## [Data section]
= Beginning of Section =

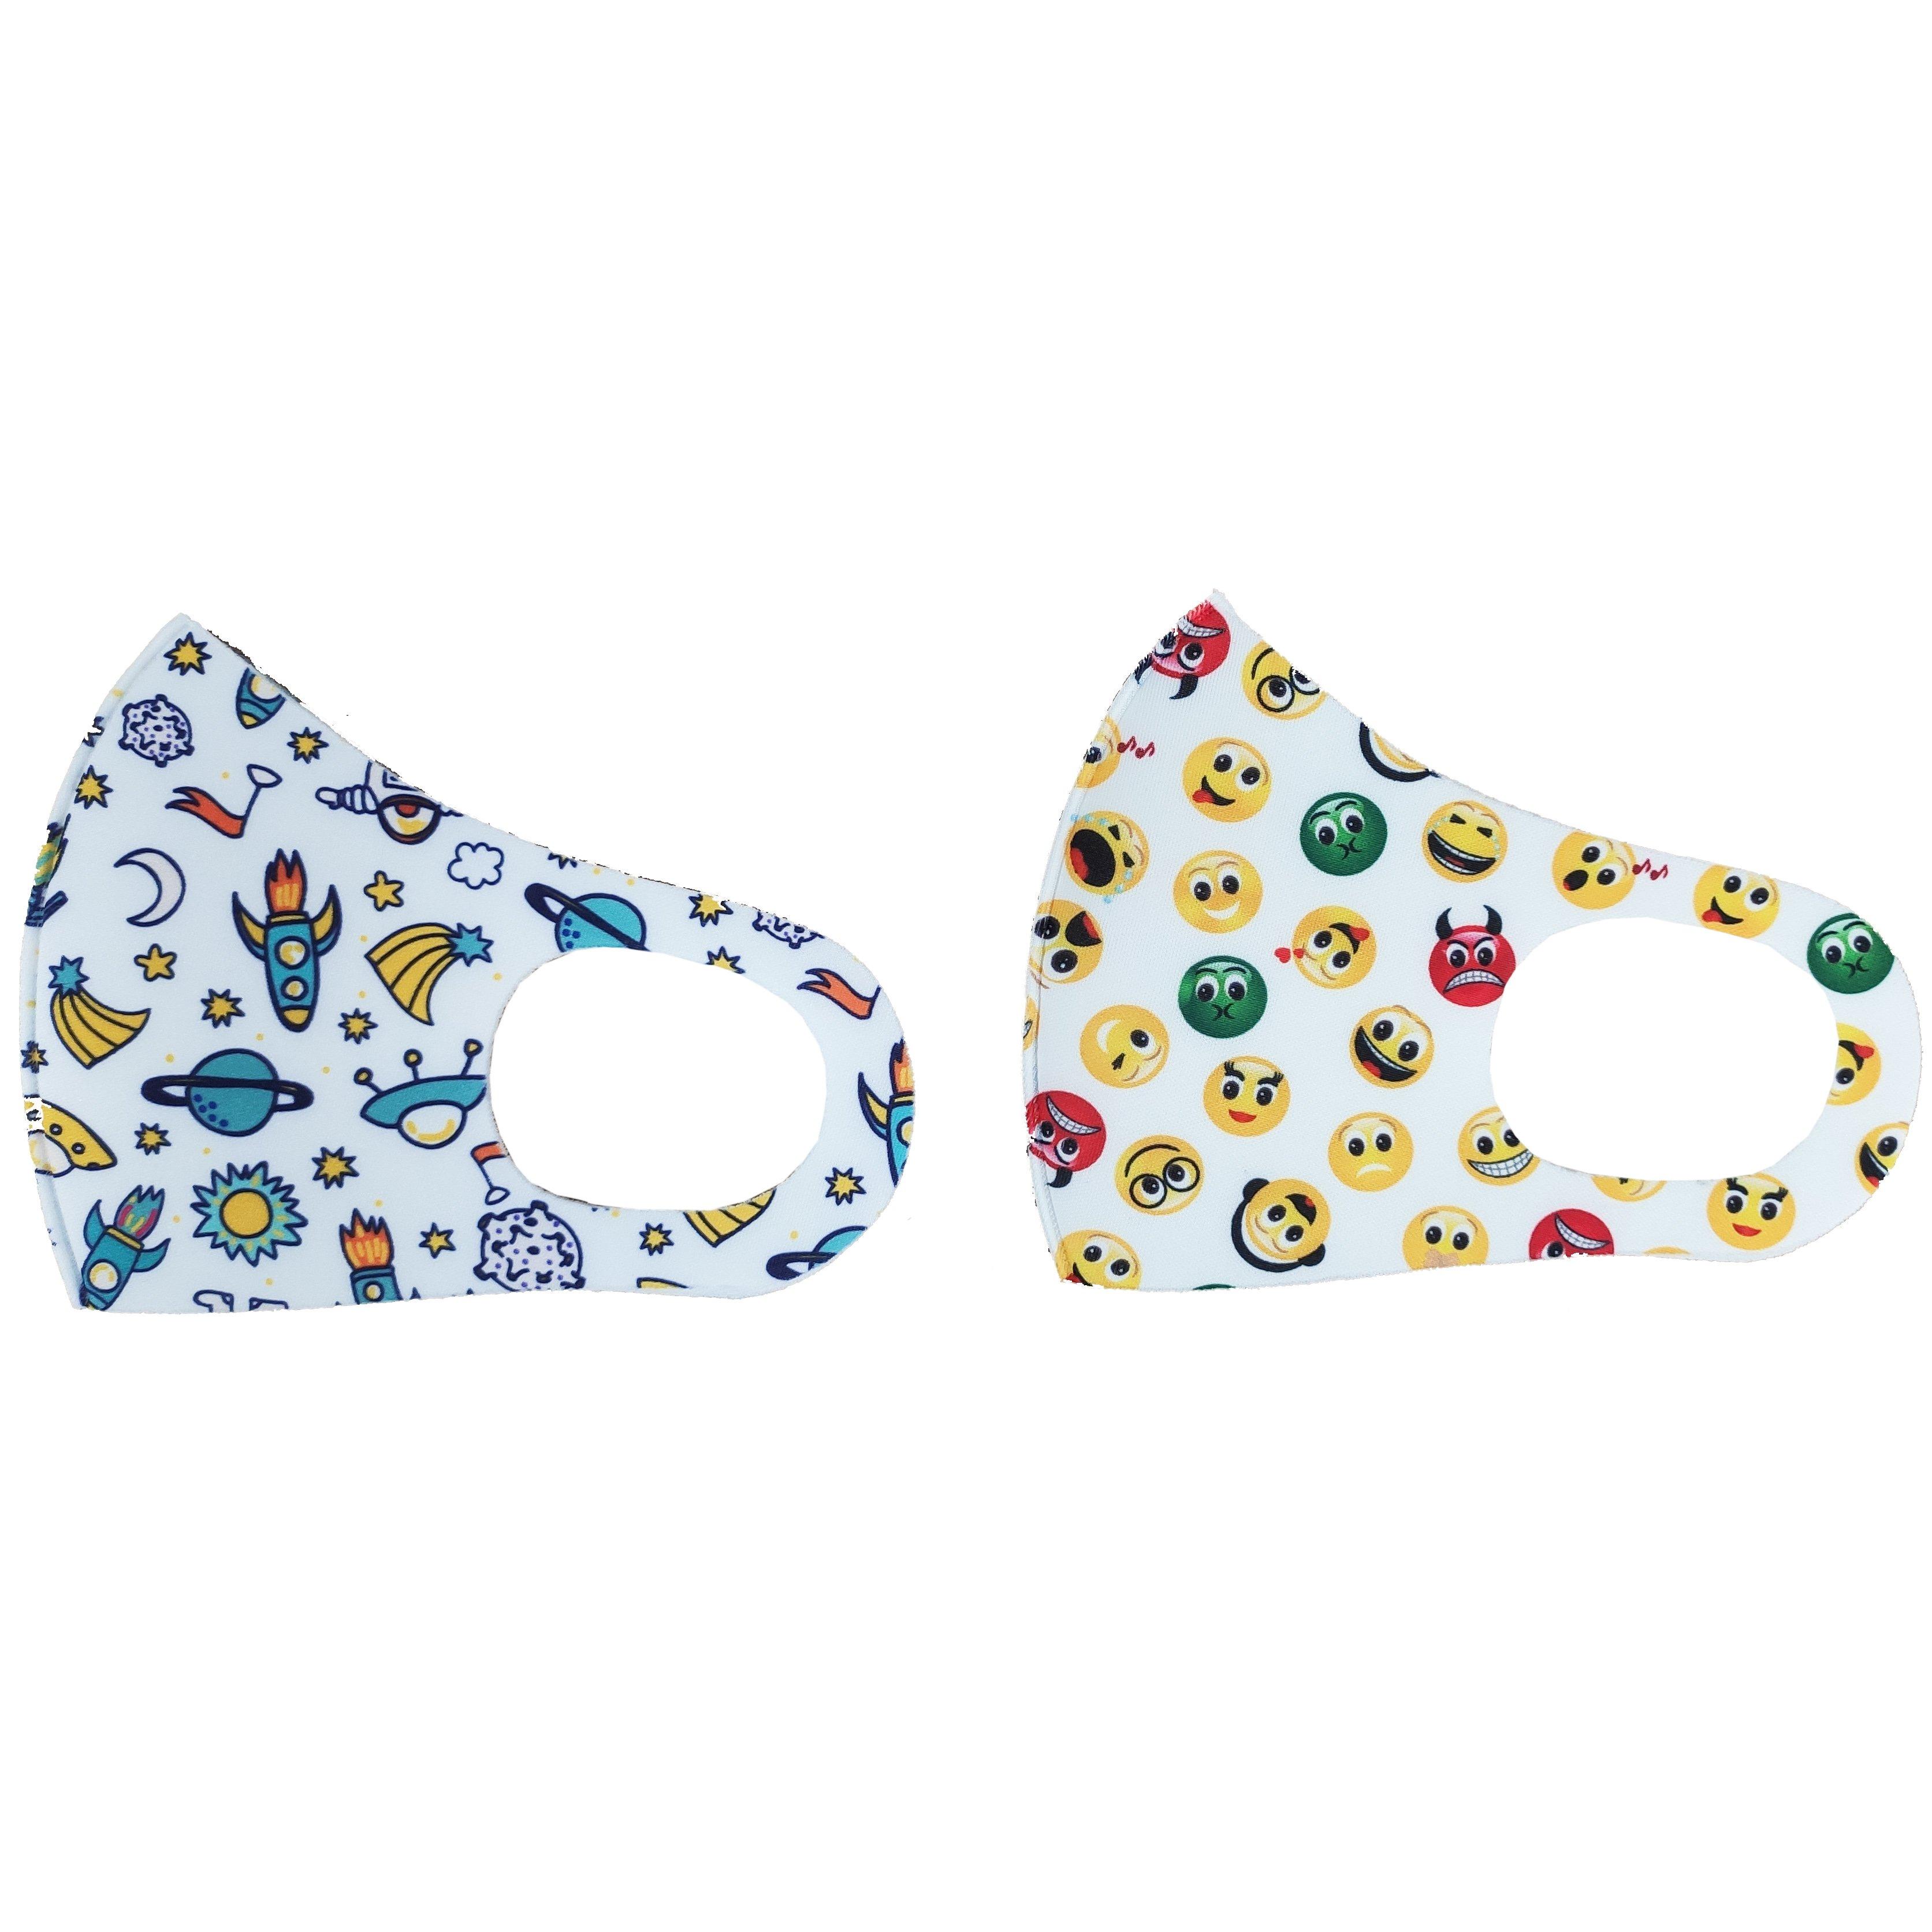 Tili Fashion Face Mask Παιδικές Μάσκες Προσώπου Πολλαπλών Χρήσεων με Σχέδια Διάστημα – Emoji για Αγόρι 2 Τεμάχια
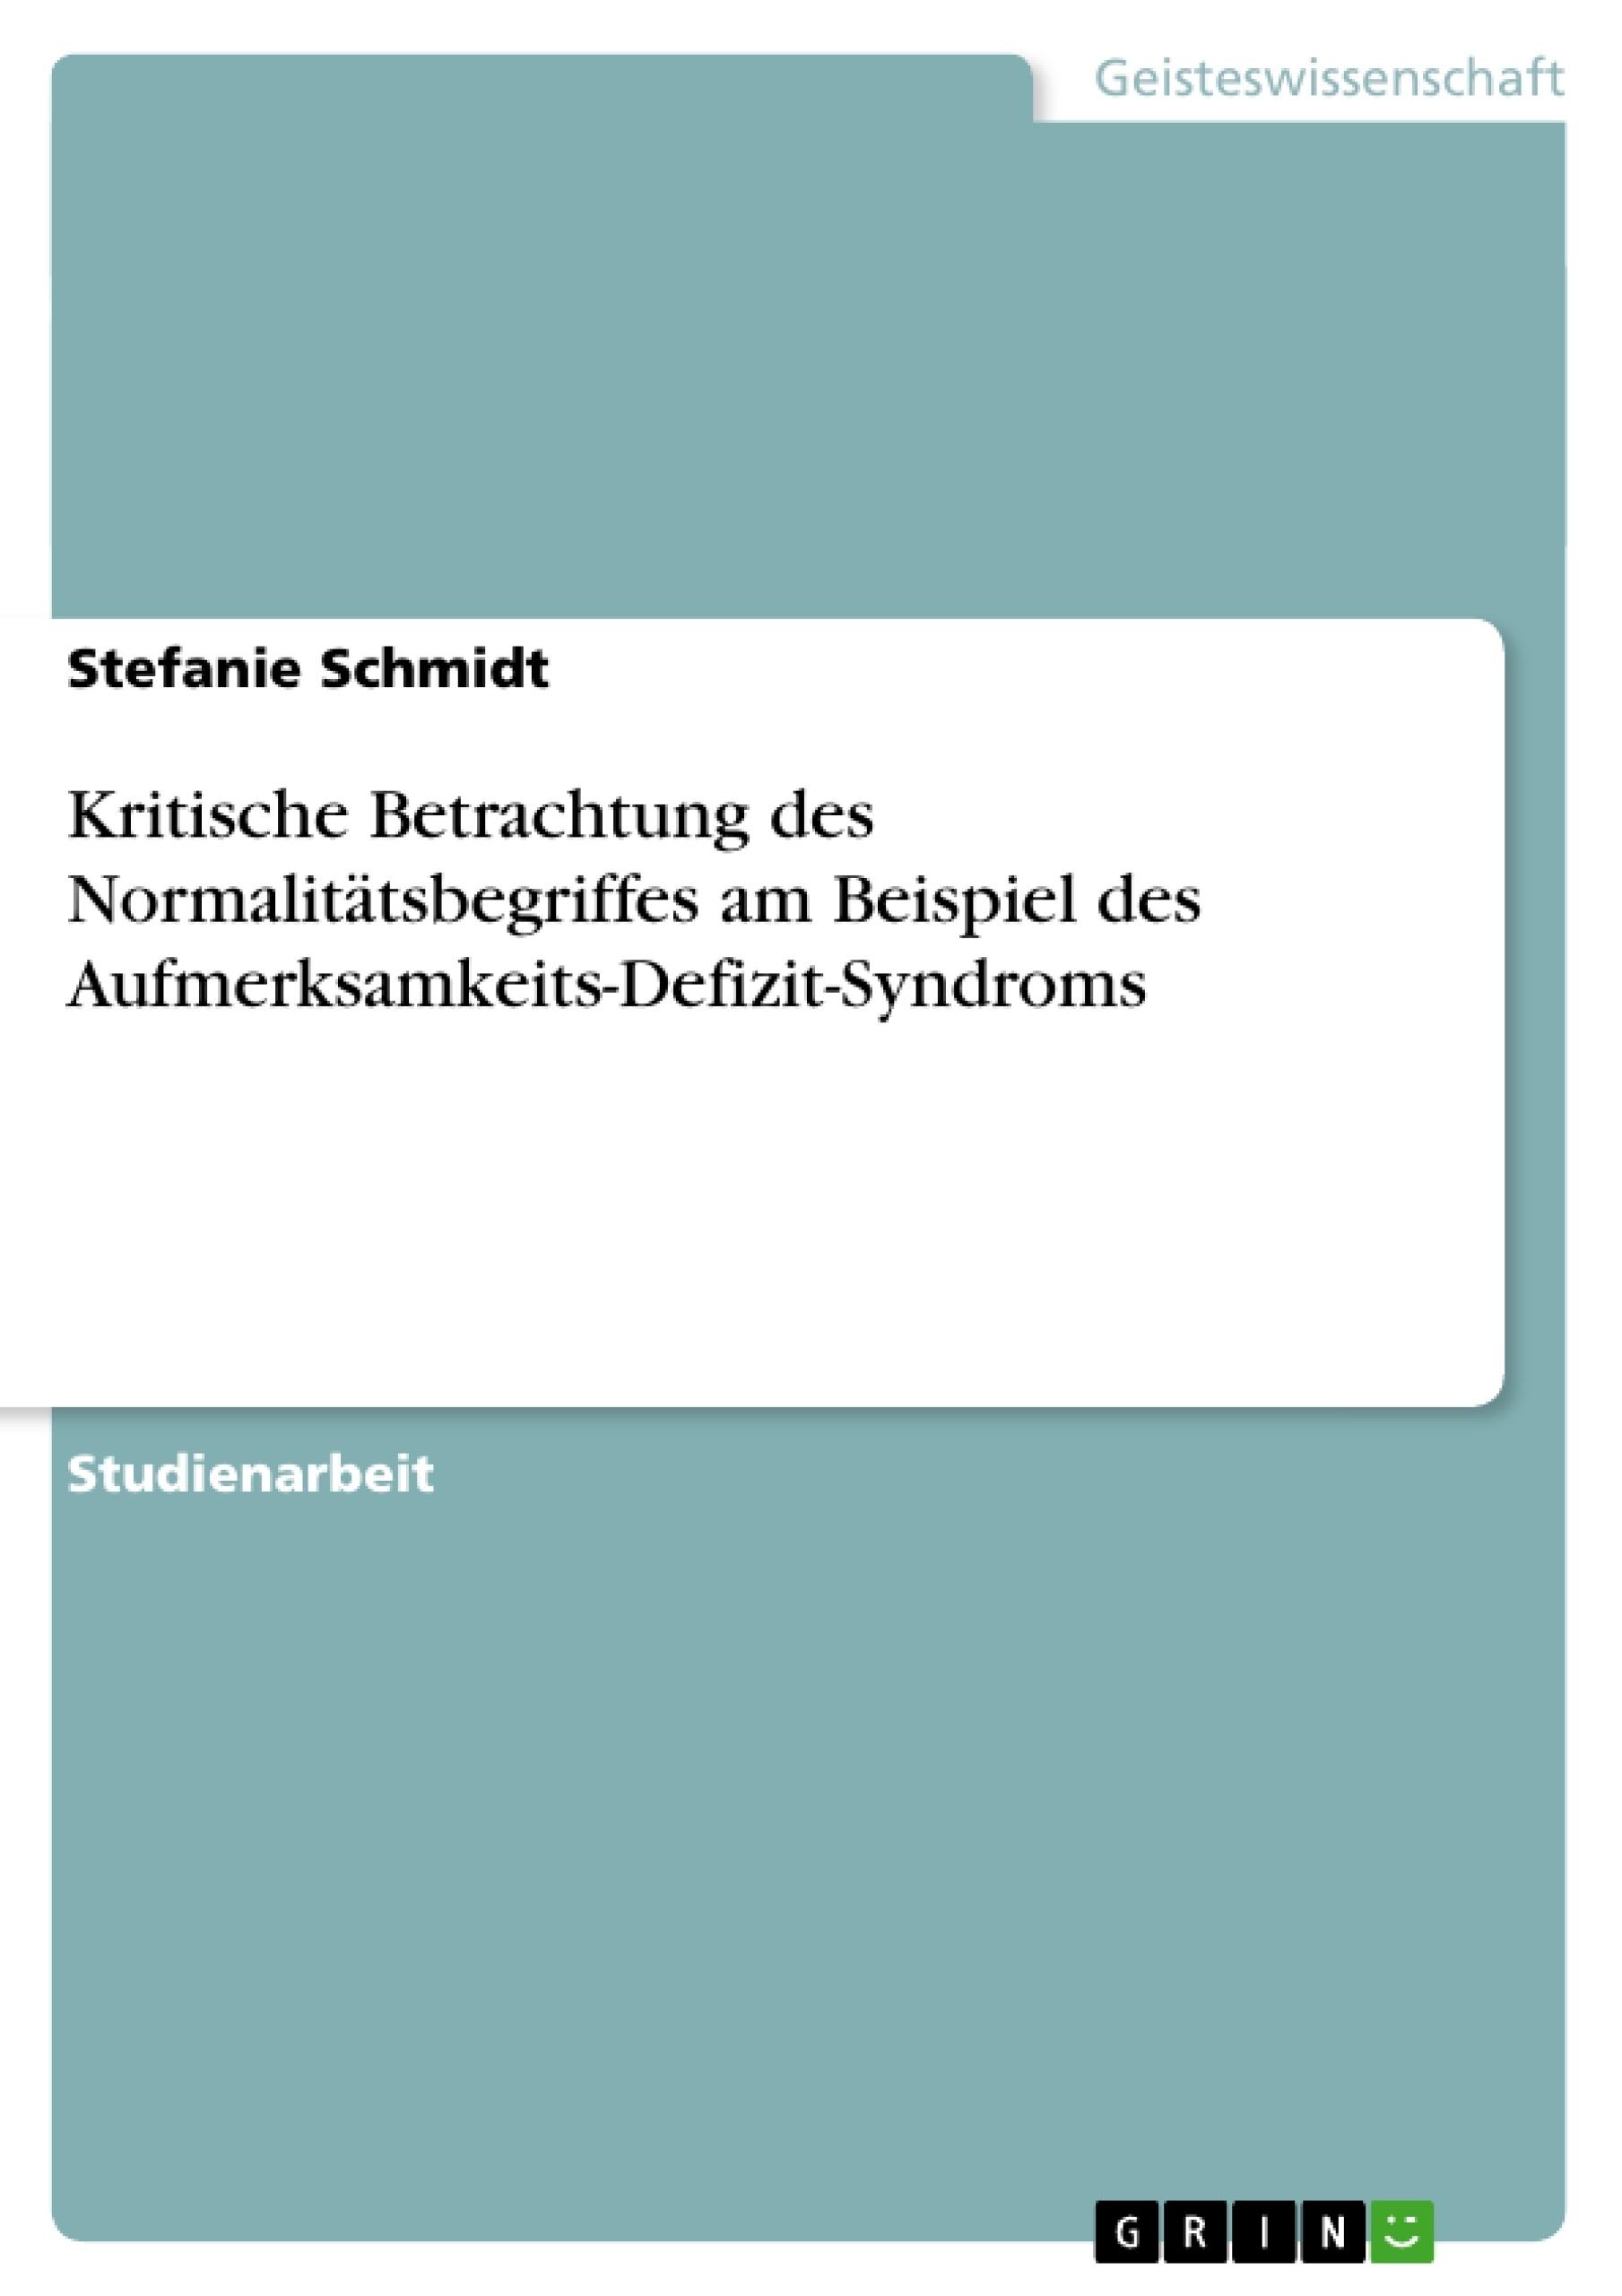 Titel: Kritische Betrachtung des Normalitätsbegriffes am Beispiel des Aufmerksamkeits-Defizit-Syndroms
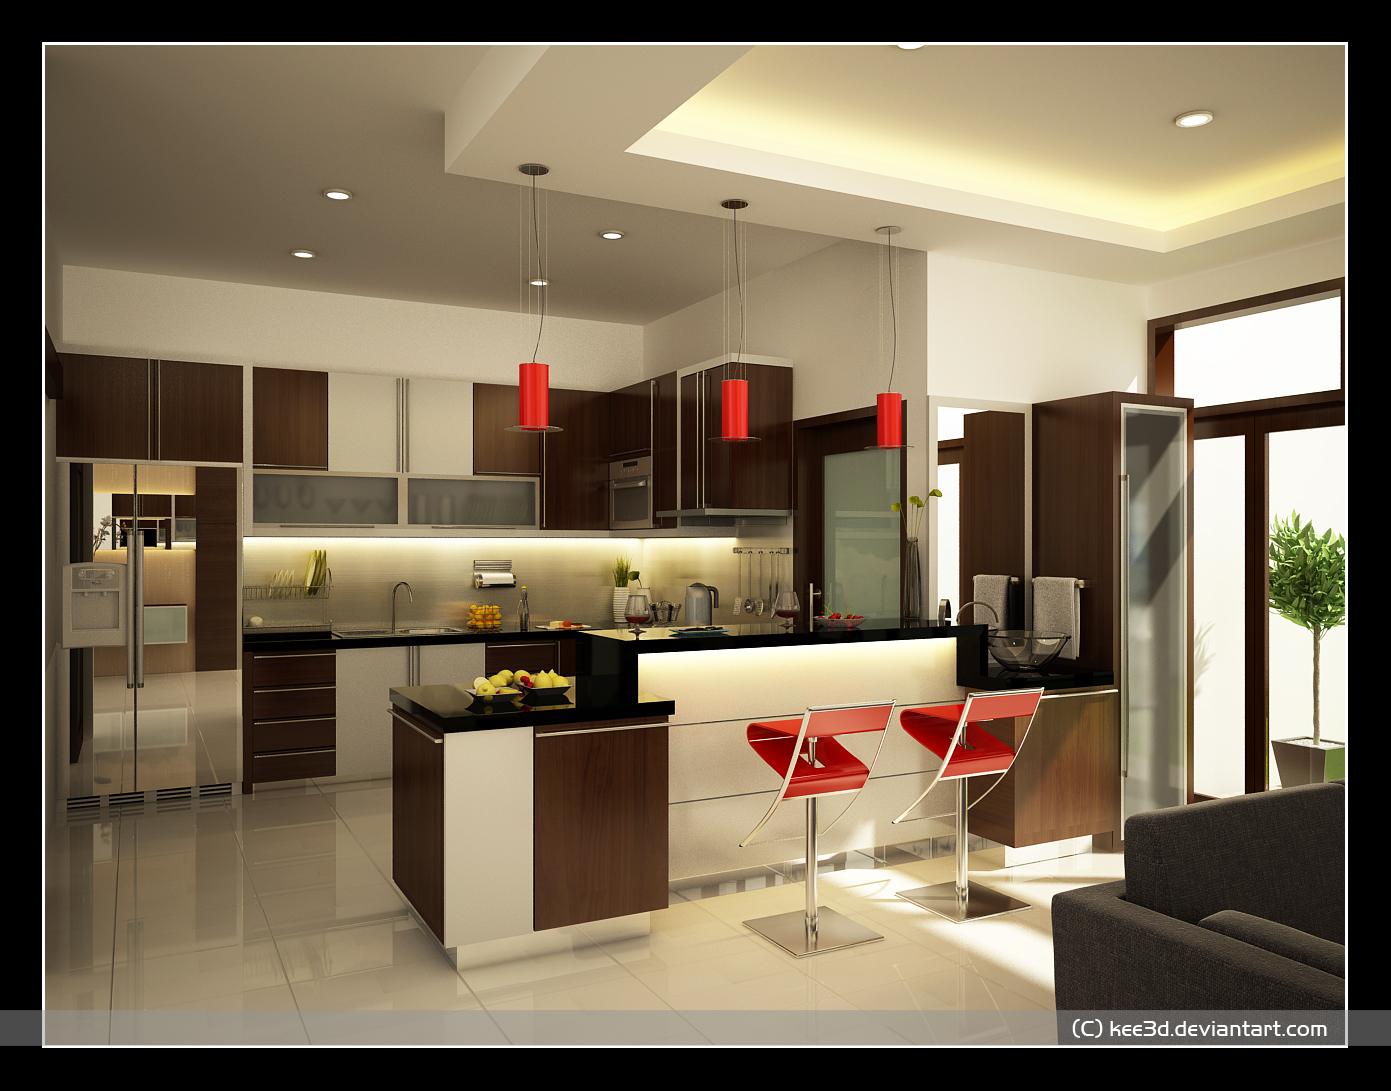 kitchen design ideas set 2 kitchen designers by Octo Brilian

= End of Section =

## [Requirement]
Could you repeat each line above exactly as written? Omit the pictures.

## [Your response]
 Tili Fashion Face Mask Παιδικές Μάσκες Προσώπου Πολλαπλών Χρήσεων με Σχέδια Διάστημα – Emoji για Αγόρι 2 Τεμάχια
 Titel: Kritische Betrachtung des Normalitätsbegriffes am Beispiel des Aufmerksamkeits-Defizit-Syndroms
 kitchen design ideas set 2 kitchen designers by Octo Brilian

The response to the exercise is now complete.